7/13/08

What is spam?

Spam, unsolicited bulk advertising via email made its first appearance in the mid of 90s, i.e. as soon as lot of people were using email to make this a cost-effective form of advertising. By 1997, spam was considered as being a problem, and the first Real-Time Black List (RBL) appeared in the same year. Spammer techniques have developed in response to the appearance of more and better filters. As soon as security firms evolve effective filters, spammers change their tactics to avoid the new spam blockers. And it leads to a vicious circle, with spammers re-investing profits into developing new techniques to evade new spam filters. The situation is going out of control. In order to combat spam effectively it is essential to define exactly what spam is. Many people believe that spam is unsolicited email. However, this definition is not entirely correct. Spam is an anonymous, unsolicited bulk email.

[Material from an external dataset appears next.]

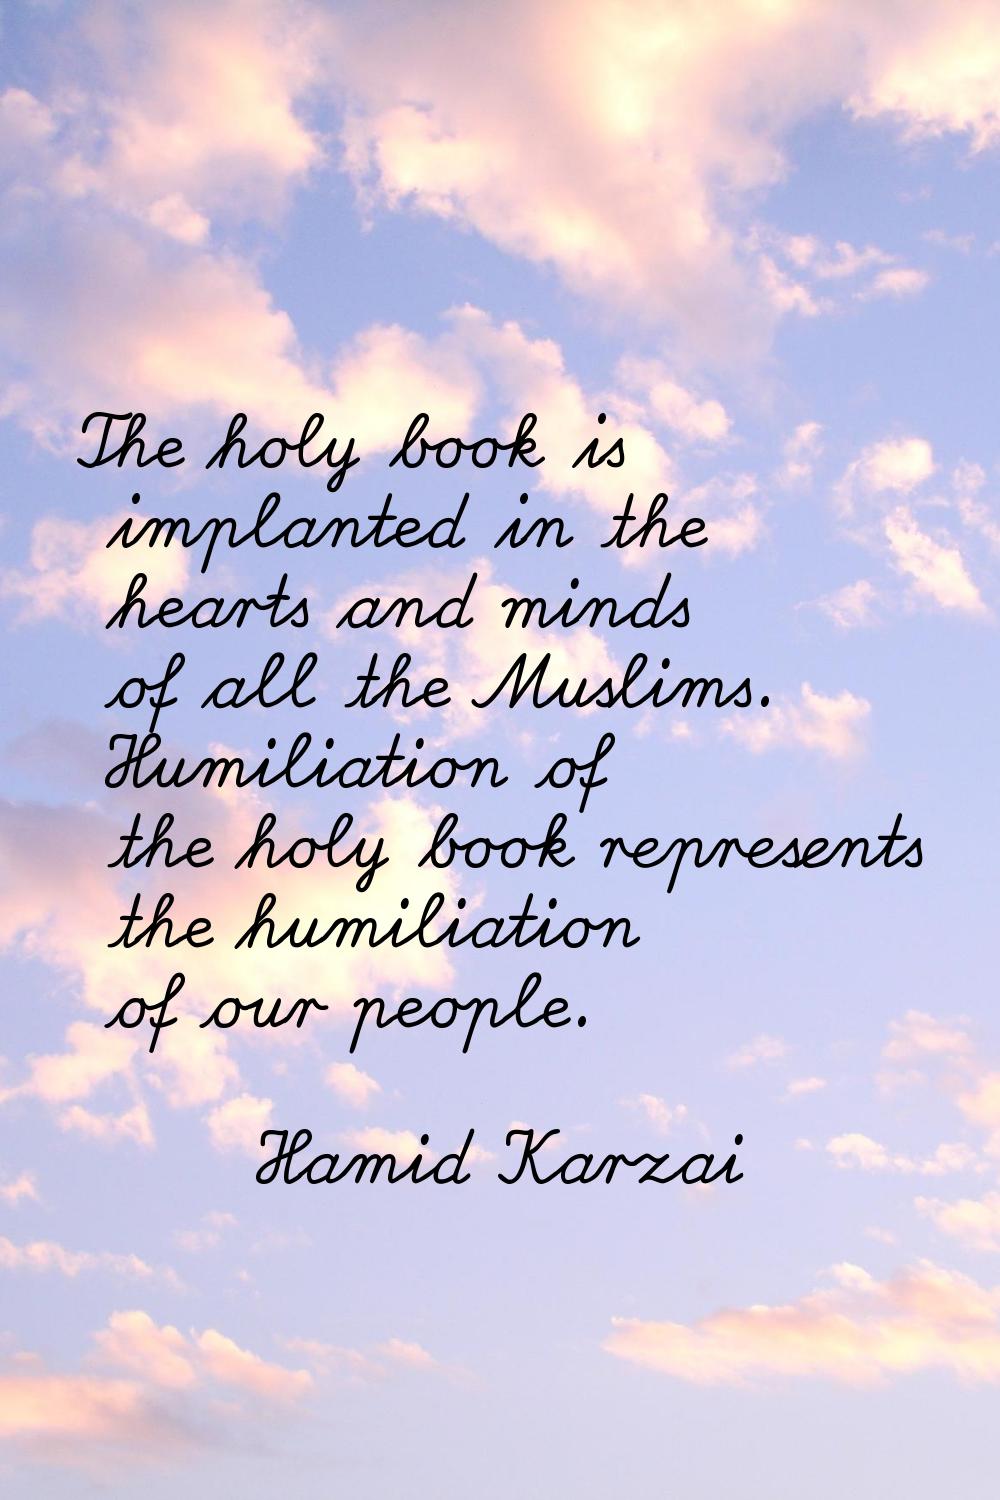 The holy book is implanted in the hearts and minds of all the Muslims. Humiliation of the holy book

Definition of spam in detail:

Anonymous real spam is sent with spoofed or harvested sender addresses to hide the actual sender. Real spam is sent in mass quantities. Spammers create money from the small percentage of recipients that actually respond, so for spam to be cost-effective, the initial mails have to be high-volume. Unsolicited mailing lists, newsletters and other advertising materials that end users have chosen to receive may resemble spam but are actually legitimate mail. In other words, the same piece of mail can be classed both as spam and legitimate mail depending on whether or not the user elected to receive it. It must be highlighted that the words 'advertising' and 'commercial' are not used to define spam. Many spam messages dont even advertise nor carry any type of commercial proposition. In addition to offering goods and services, spam mailings can be categorized into the following kinds. Political messages, Quasi-charity appeals, financial scams, Chain letters, Fake spam, Unsolicited but legitimate messages are the kinds. A legitimate commercial proposition, a charity appeal, an invitation addressed personally to an existing receiver or a newsletter can certainly be defined as unsolicited mail, but not as spam. Legitimate messages may also include delivery failure messages, misdirected messages, messages from system administrators or even messages from old friends who have earlier not corresponded with the recipient by email.


Conclusion:

Because unsolicited correspondence may be of interest to the recipient, a quality anti spam solution should be competent to distinguish between true spam i.e., unsolicited, bulk mailing and unsolicited correspondence. This kind of mail should be flagged as 'possible spam' so it can be reviewed or deleted at the recipient's comfort. Companies should have a spam guiding principle, with system administrators assessing the requirements of different departments. Access to different unsolicited mail folders should be given to different user groups support on this assessment. For instance, the travel manager may well want to read travel ads, whereas the HR department may wish to see all invitations to seminars and training sessions. At present, spammers usually use the last three methods in a variety of combinations. Many anti spam solutions are incompetent of detecting all. As long as spamming remains money-making, users with poor-quality anti spam software will continue to find their mailboxes clogged with advertising. So the above information tells us about spam and in brief its purposes.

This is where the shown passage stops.